Statins are known to reduce the risk of death and cardiovascular events for people who are at high risk; however, as many as 75 percent of patients discontinue statin therapy within two years, often after reporting an adverse reaction, such as muscle aches and pains or gastrointestinal symptoms. A new study by researchers from Brigham and Women’s Hospital explores outcomes for patients who continue receiving statins after experiencing an adverse reaction, finding that they had a lower risk of death and cardiovascular events. Among a subset of patients who continued taking a different statin, about 26 percent experienced a second adverse reaction, but the vast majority continued receiving the medication. The team reports its findings in a paper published July 25 in Annals of Internal Medicine.
“Statins represent an extremely effective therapy for managing risk of cardiovascular disease and have a much lower cost than new classes of drugs such as PCSK9 inhibitors. Our results indicate that they continue to be very effective at reducing risk, even after a patient has experienced an adverse reaction,” said corresponding author Alex Turchin, MD, MS, an endocrinologist at BWH. “Whether a patient should continue taking statins after experiencing adverse symptoms is an important decision. We hope that our study’s findings will help patients and their clinicians as they choose the best approach to fit a patient’s circumstances.”
In this retrospective cohort study, the researchers aggregated information from the electronic medical records of 28,266 study participants who had been seen at a primary care setting associated with Brigham and Women’s Hospital or Massachusetts General Hospital. Adverse reactions were identified using natural language processing of narrative provider notes.
The researchers found that 70 percent of patients continued receiving statin prescriptions after the adverse reaction. The team then analyzed a composite primary outcome of heart attack, stroke or death from any cause. Patients who continued receiving statin prescriptions had a 12.2 percent incidence rate compared to those without a continued prescription who had an incidence rate of 13.9 percent.
In addition, the team performed a secondary analysis on 7,000 patients who had been switched to another statin medication following an adverse event. They found that about 26 percent reported a second adverse reaction after starting the second statin drug, but that more than 80 percent continued receiving their prescription, suggesting that the side effects, if any, were tolerable to the patients.
“Statins remain a first-line therapy for managing cardiovascular risk, but many patients do not reattempt statin therapy and remain without treatment for prolonged periods after an adverse reaction,” said Turchin. “Alternative therapies such as ezetimibe are not as effective, and new classes of drugs are expensive. Improving our understanding of the benefits and risks of reattempting statin therapies before switching to a different class of drugs could help both patients and physicians make informed choices about care.”

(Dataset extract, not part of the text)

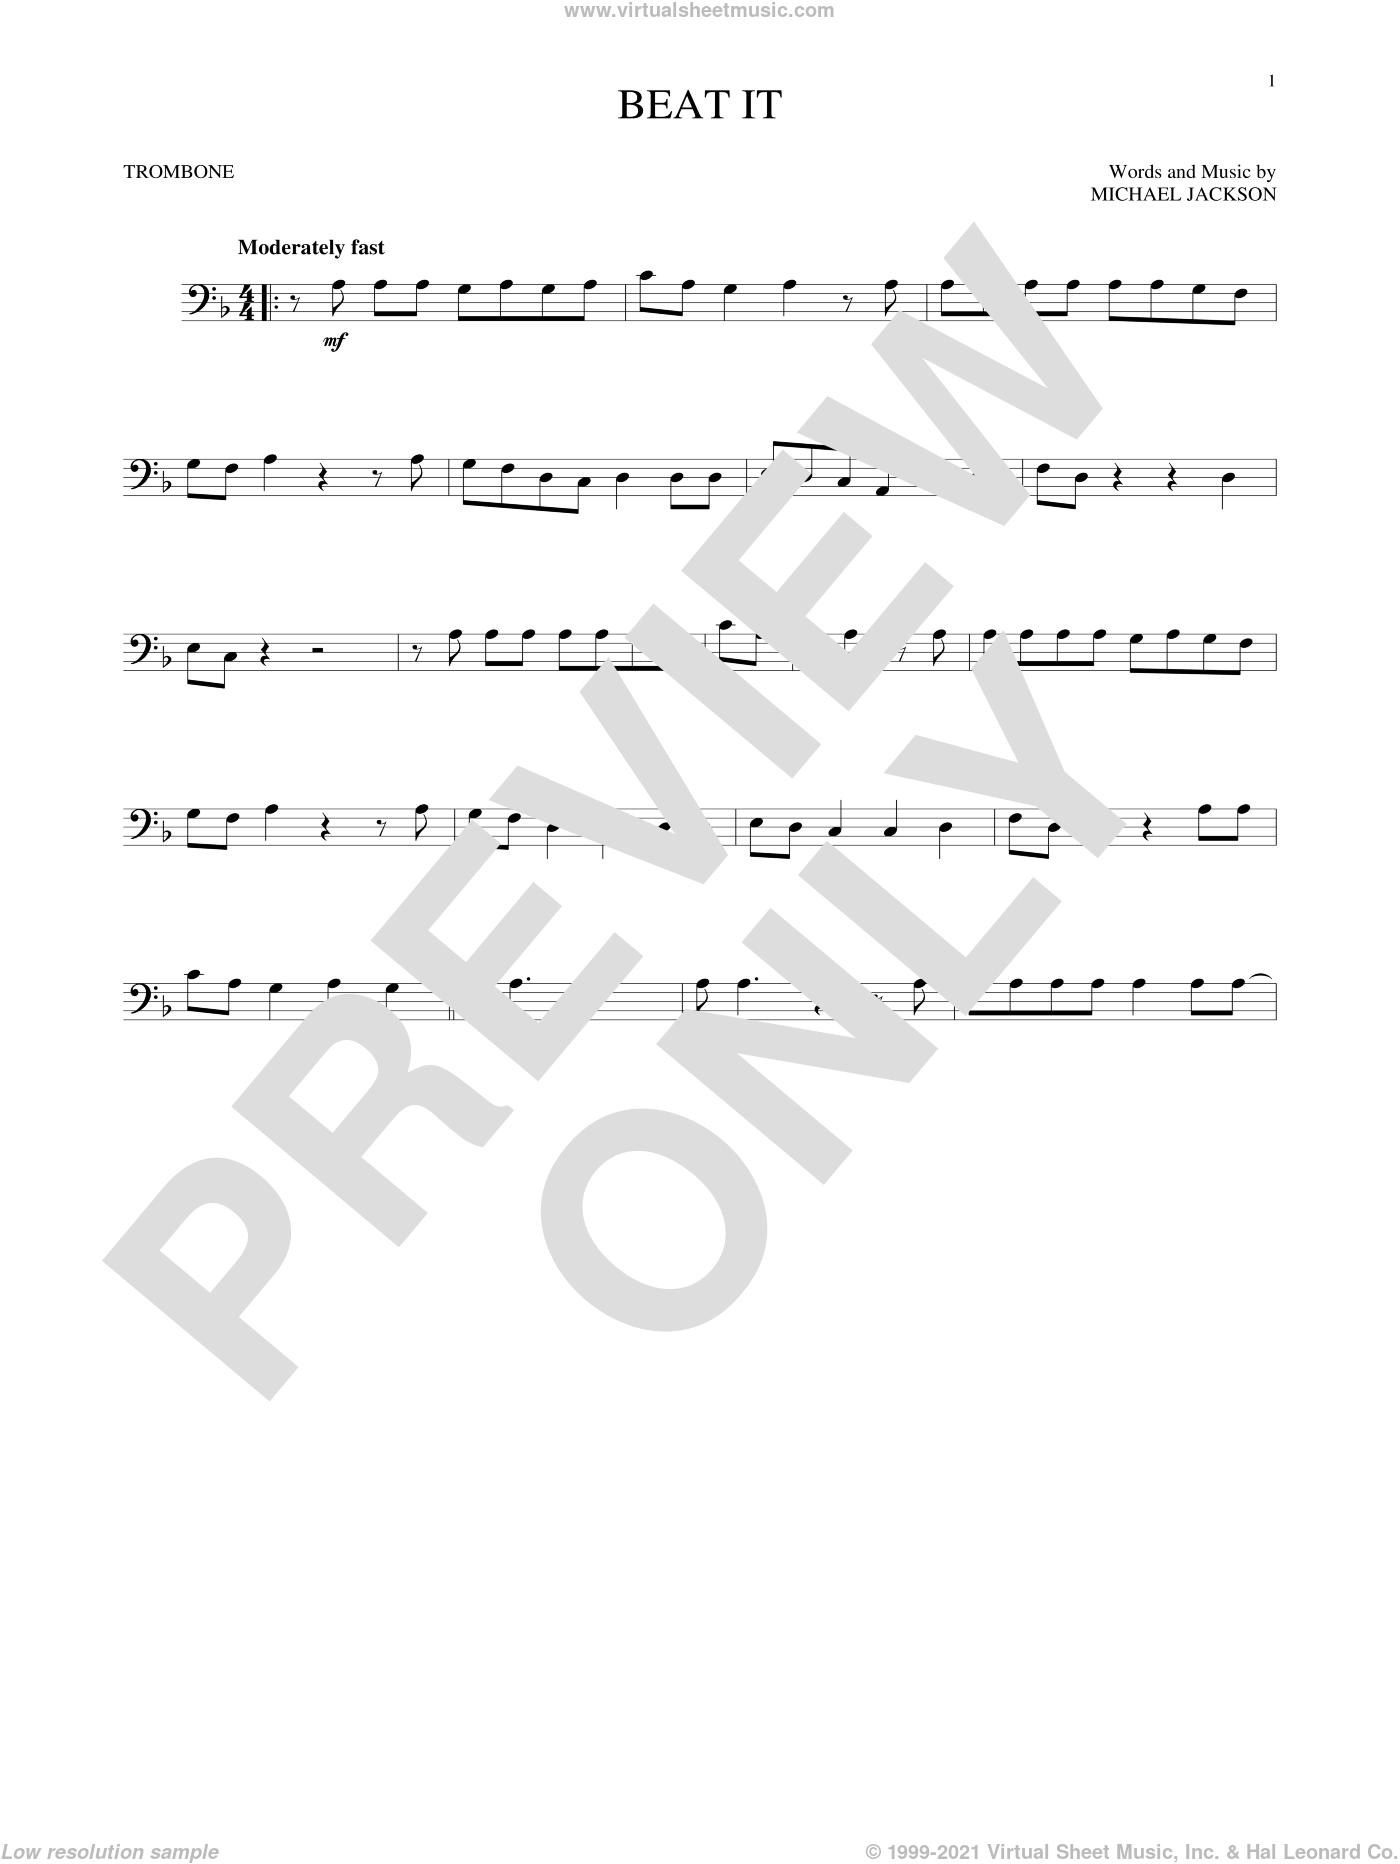 Beat It sheet music for trombone solo by Michael Jackson, intermediate skill level

Because this is a retrospective study, the researchers could not determine cause and effect, but did see a clear association between continued statin prescription and lower incidence of death and cardiovascular events. The authors note some of the inherent limitations of their study, including that they could only determine which patients continued receiving a statin prescription – not necessarily whether the patients actually continued taking the drug. In addition, they were only able to analyze a subset of patients for risk of recurrent adverse reactions.
First author Huabing Zhang, MD, received funding from the Chinese National Key Program of Clinical Science, National Natural Science Foundation of China and Young Scientific Research Fund of Peking Union Medical College Hospital. The funding sources had no role in the design, data collection, analysis, interpretation, implementation or conduct of the study.